Top of Page Saturday, April 27th: Drought Monitor Technical Issues

  • (Decisions/Recommendations/Summary are indicated in bold red italics after each agenda item)

Agenda Item:

Administrative Issues, Technical Issues, & Discussion Items:

8:40-9:00 a.m. * Resolve difference between weekly and monthly Palmer Index

Decision:

NCDC run the monthly Palmer program several times each month (i.e., each week), using current month values (revised weekly) computed from

[last month (thru day X+1)] to [this month (thru day X)]

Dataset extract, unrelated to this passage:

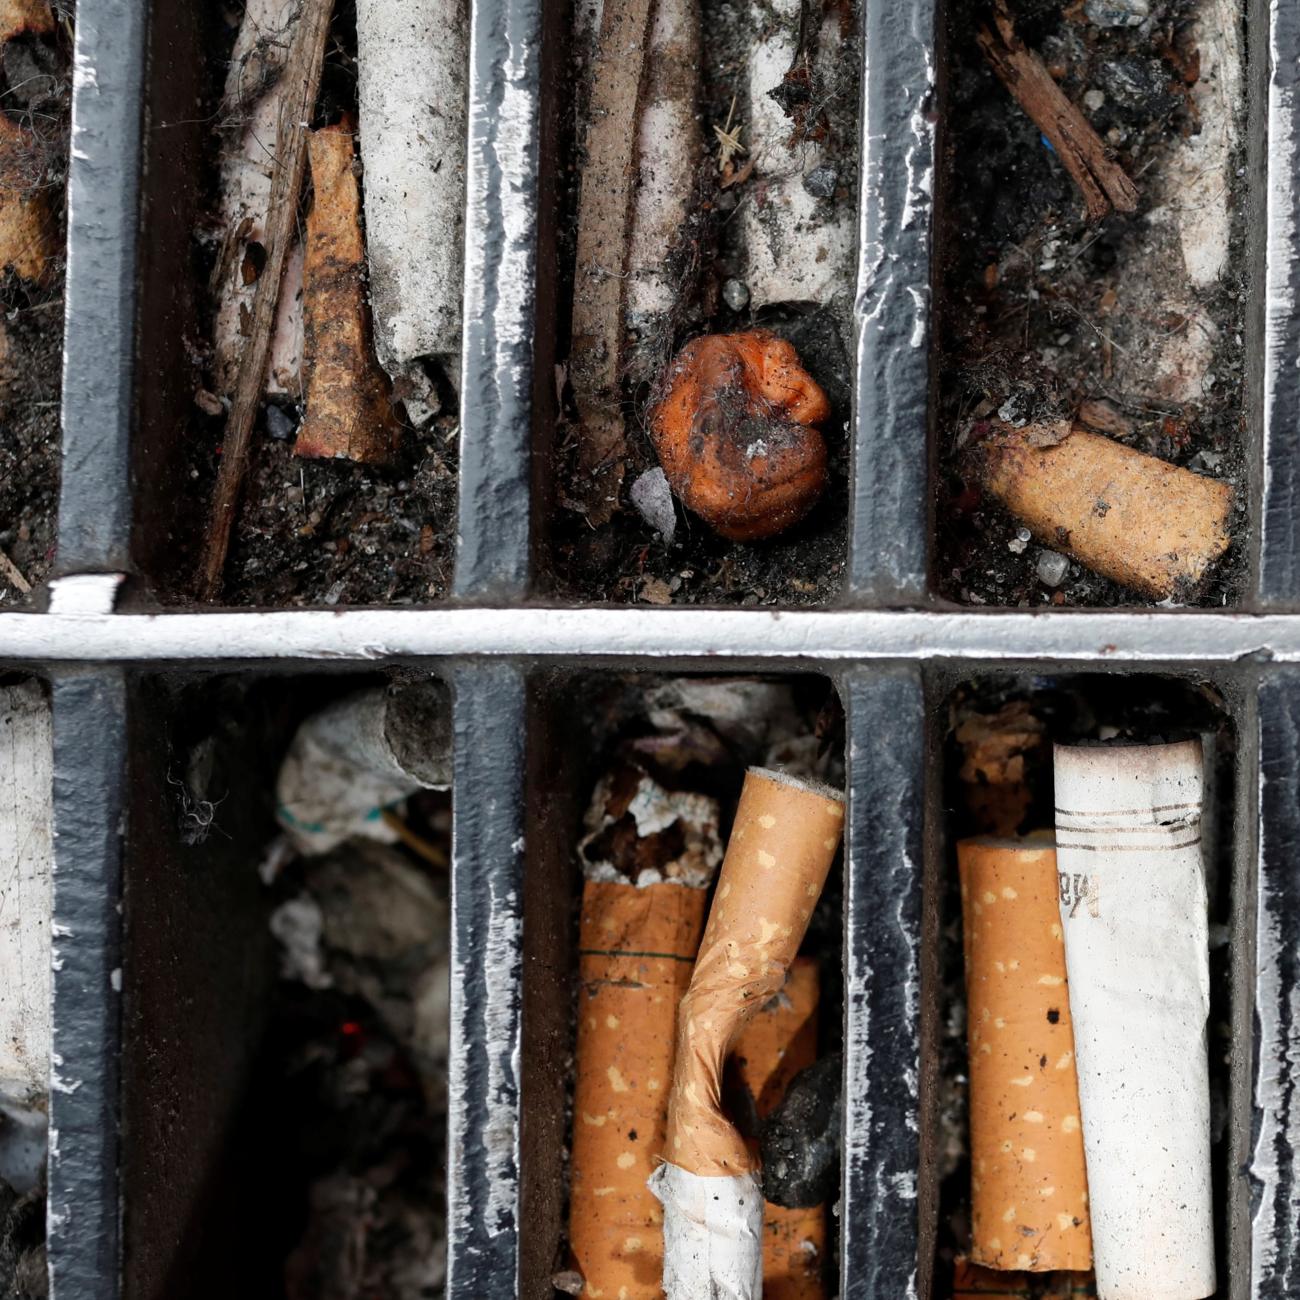 Discarded cigarette butts are seen lodged in a sidewalk grating in Manhattan.

as the current monthly value.

R.Tinker & D.Lecomte will initiate contact with T.Heddinghaus re this with contact to be passed on to NCDC later. Run this in parallel test mode for a while with current weekly Palmer indices continued to be computed.

Agenda Item:

* Resolve issue of consistency/agreement in calculation of the SPI (Pearson III vs Gamma)

Decision:

Agreed to convert to Pearson III for monthly for all groups (NCDC, WRCC, NDMC, etc.). K.Redmond needs to make it a higher priority.

Agenda Item:

9:00-9:20 a.m. * Clarify the protocol for responding to inquiries to the Drought Monitor authors. Who will answer these inquiries? Should this be the job of the back-up author each week? Should all authors see the questions, or just the author and back-up?

Decision:

Should all authors see the questions - yes.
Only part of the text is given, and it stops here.